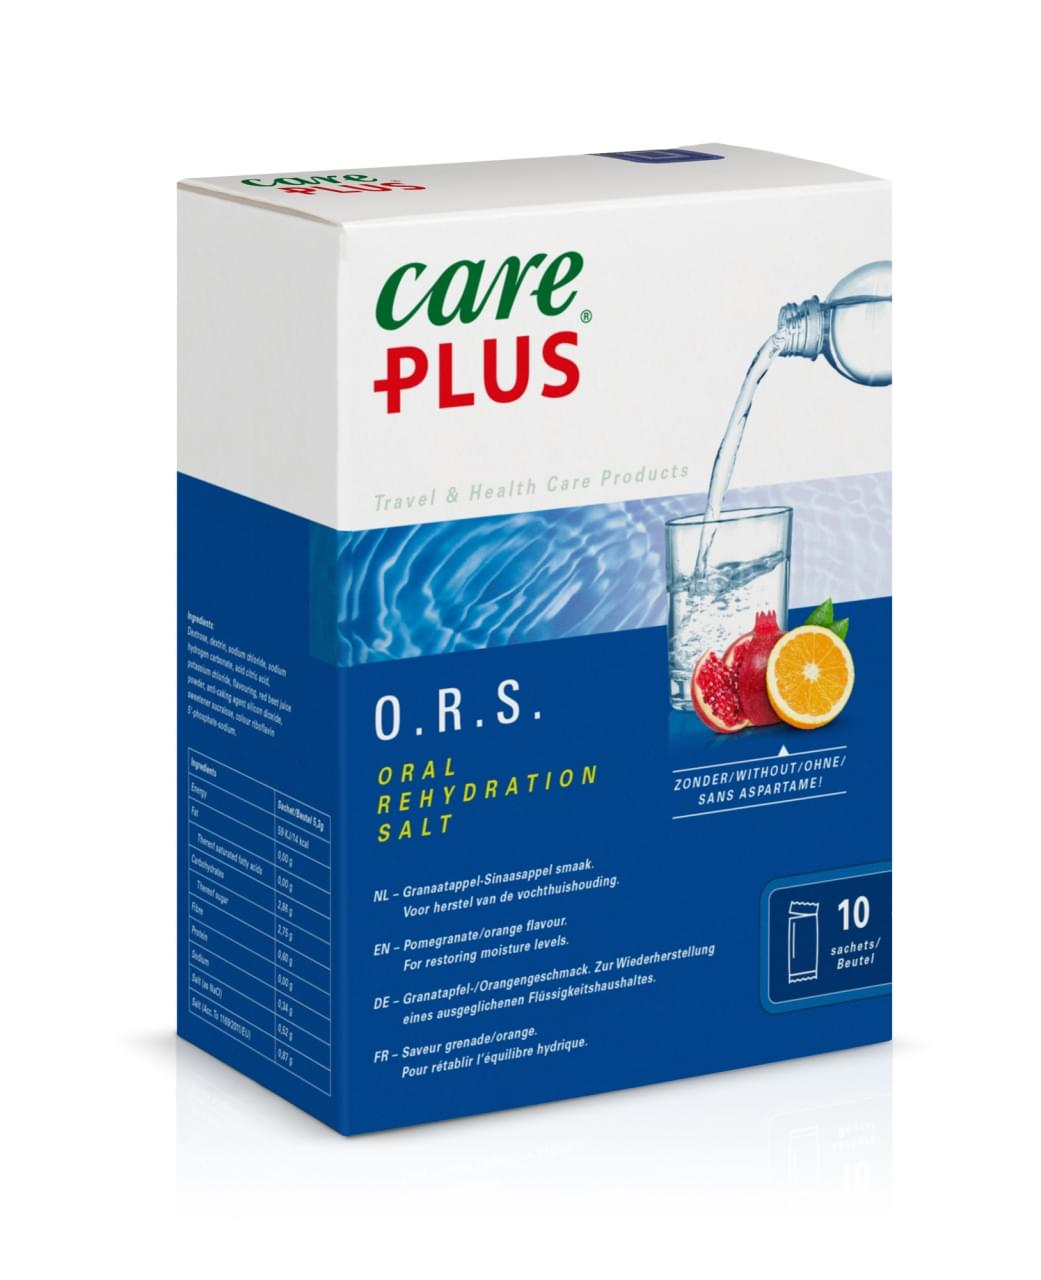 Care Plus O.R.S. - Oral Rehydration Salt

* * *

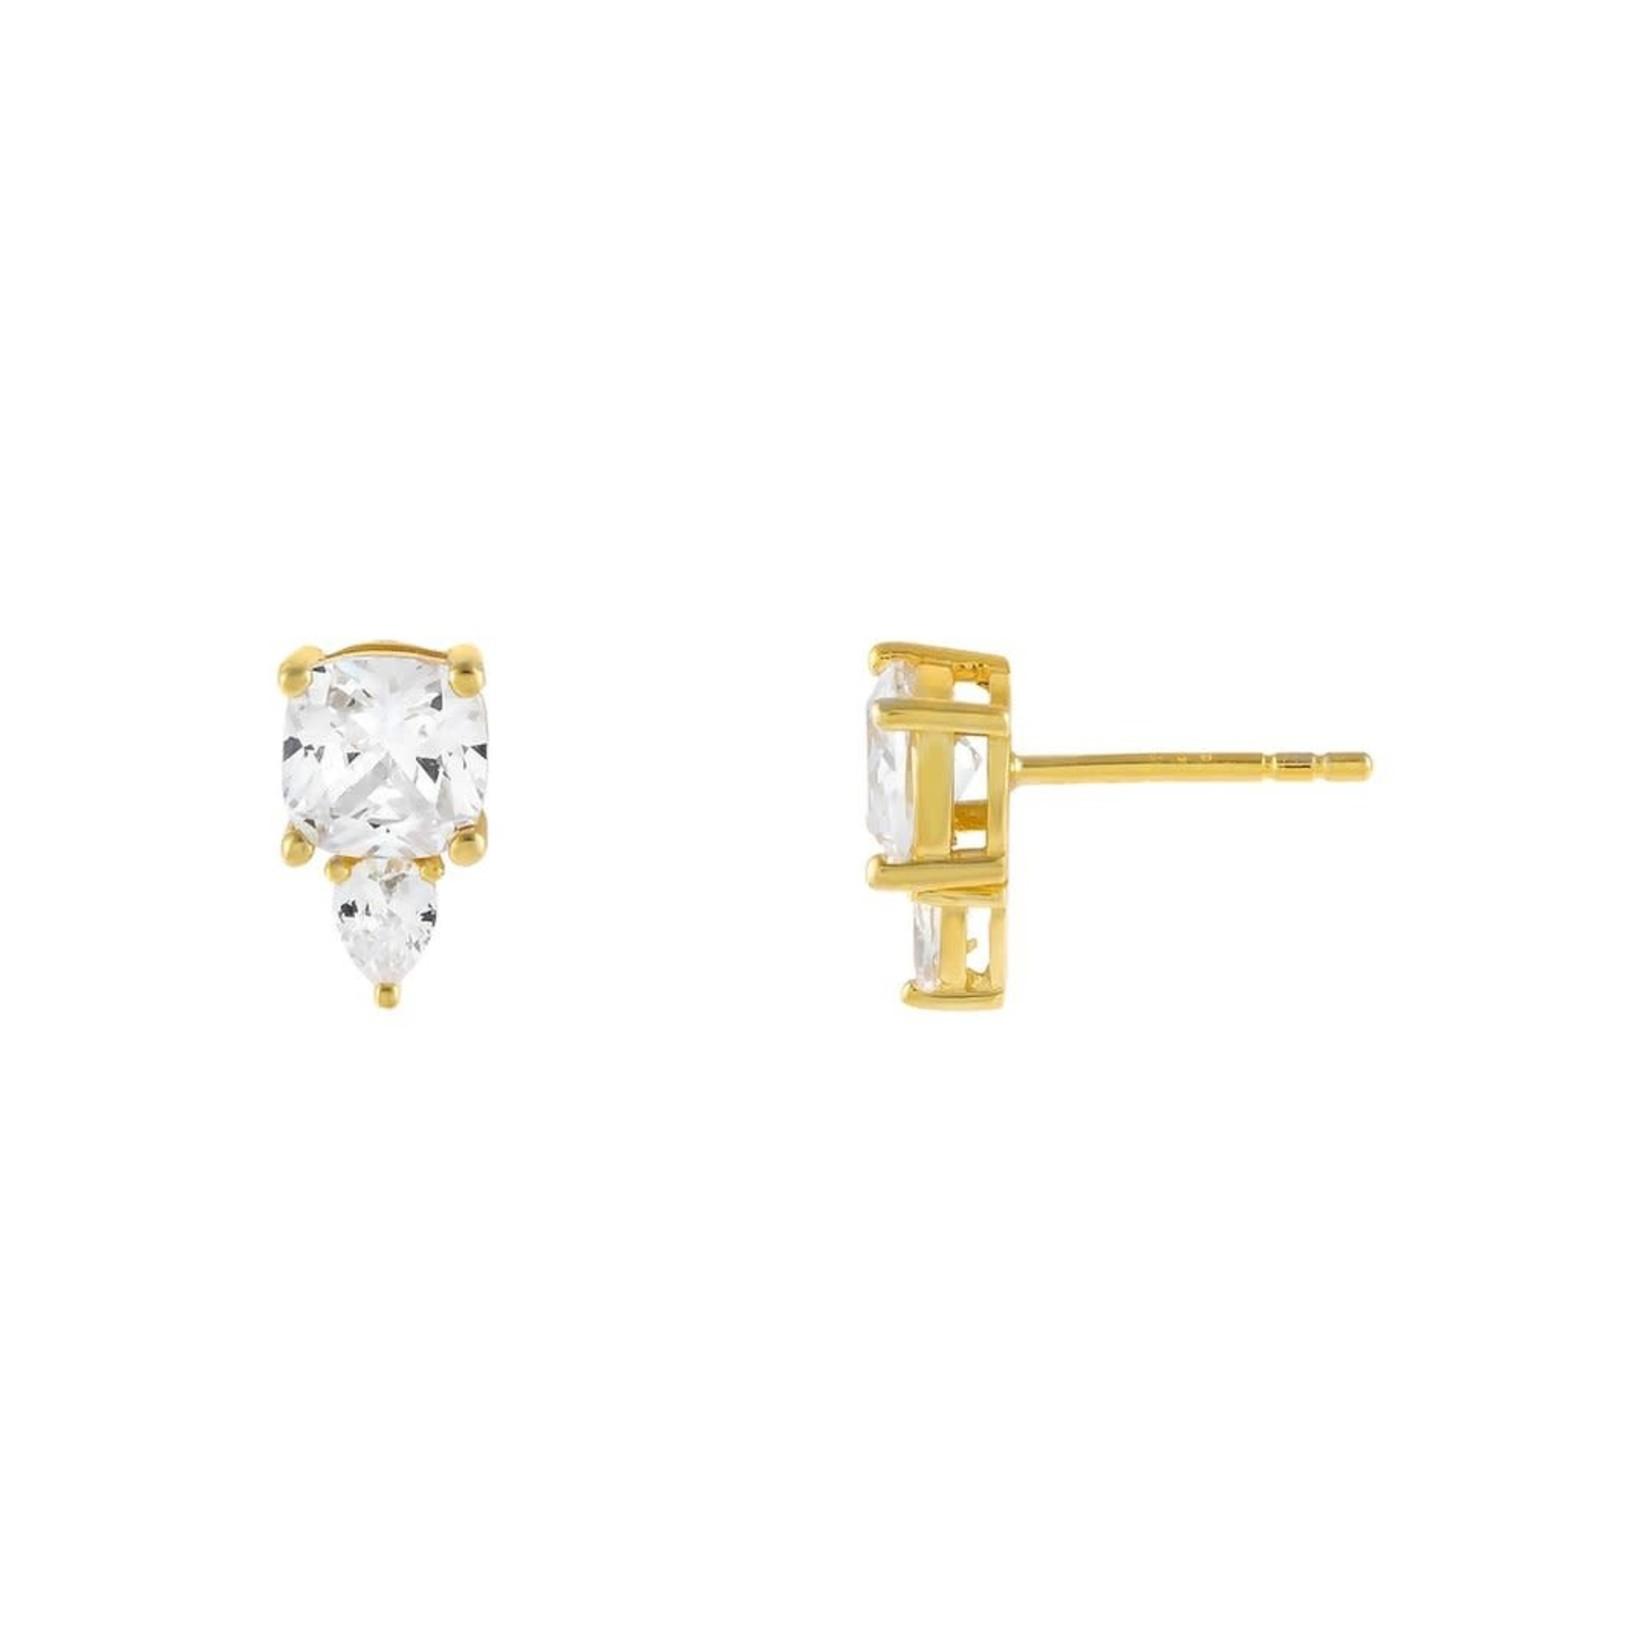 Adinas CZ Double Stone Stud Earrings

---

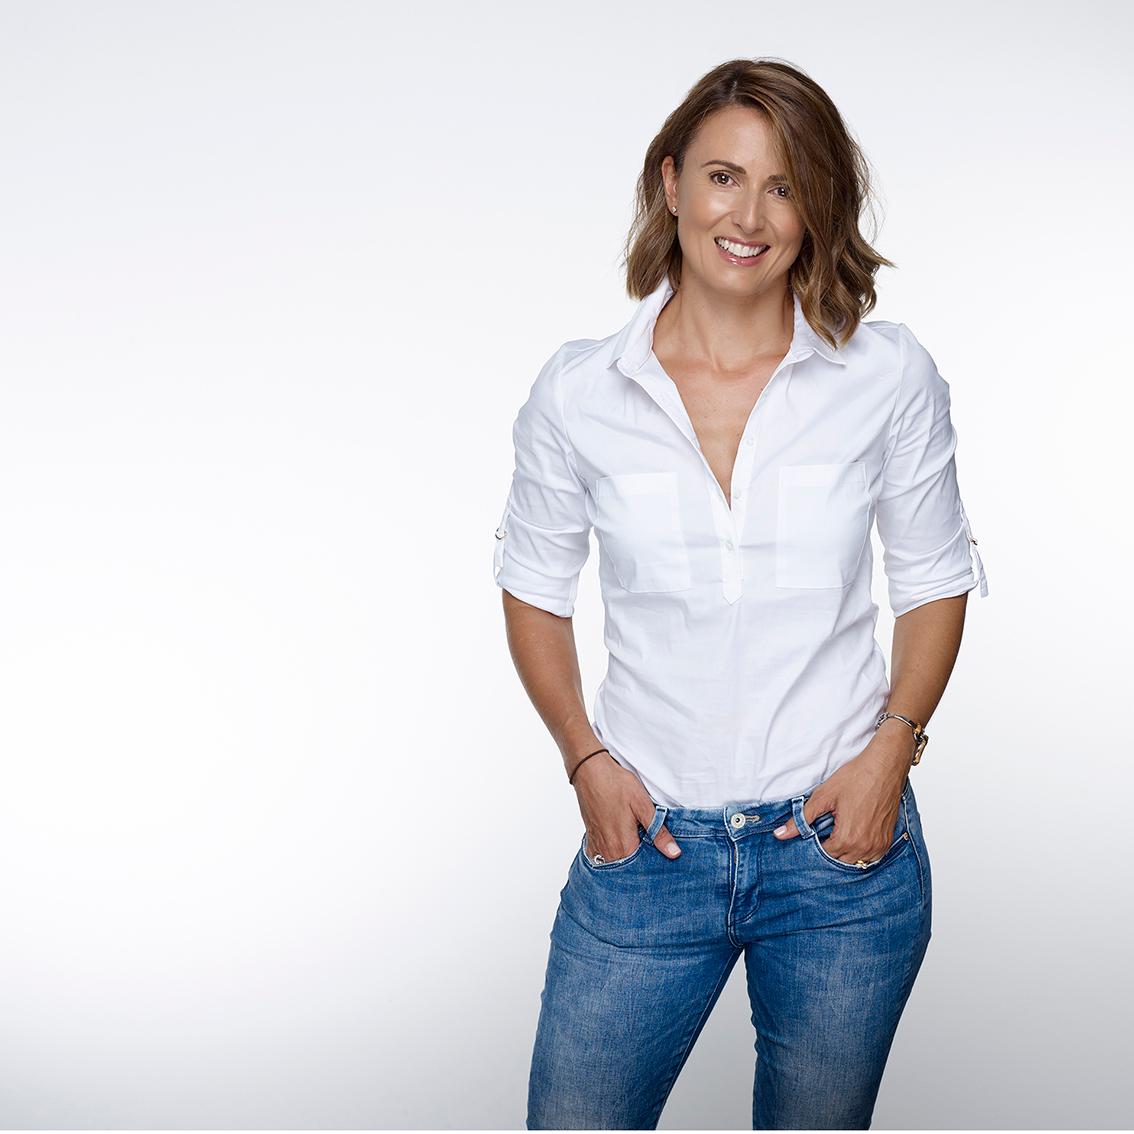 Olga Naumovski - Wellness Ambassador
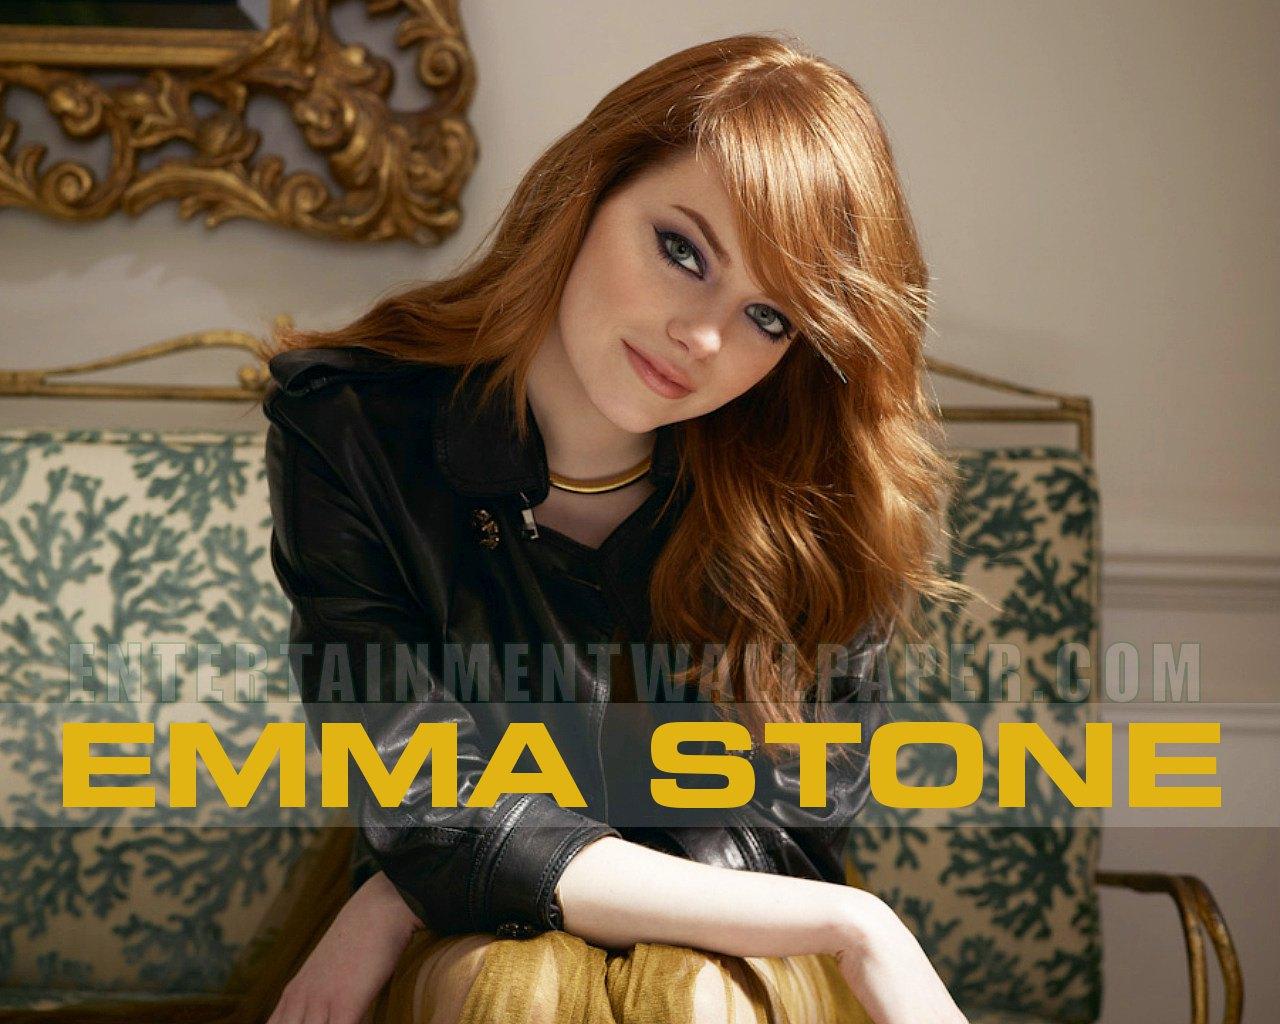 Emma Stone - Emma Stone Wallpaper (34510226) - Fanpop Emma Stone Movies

▸ **Exercise requirements**
Both the line above containing "Olga Naumovski - Wellness Ambassador" and the line containing "Emma Stone - Emma" belong in the copy, along with every line between them; print these exactly and omit the pictures.

▸ **Response**
 Olga Naumovski - Wellness Ambassador
 Emma Stone - Emma Stone Wallpaper (34510226) - Fanpop Emma Stone Movies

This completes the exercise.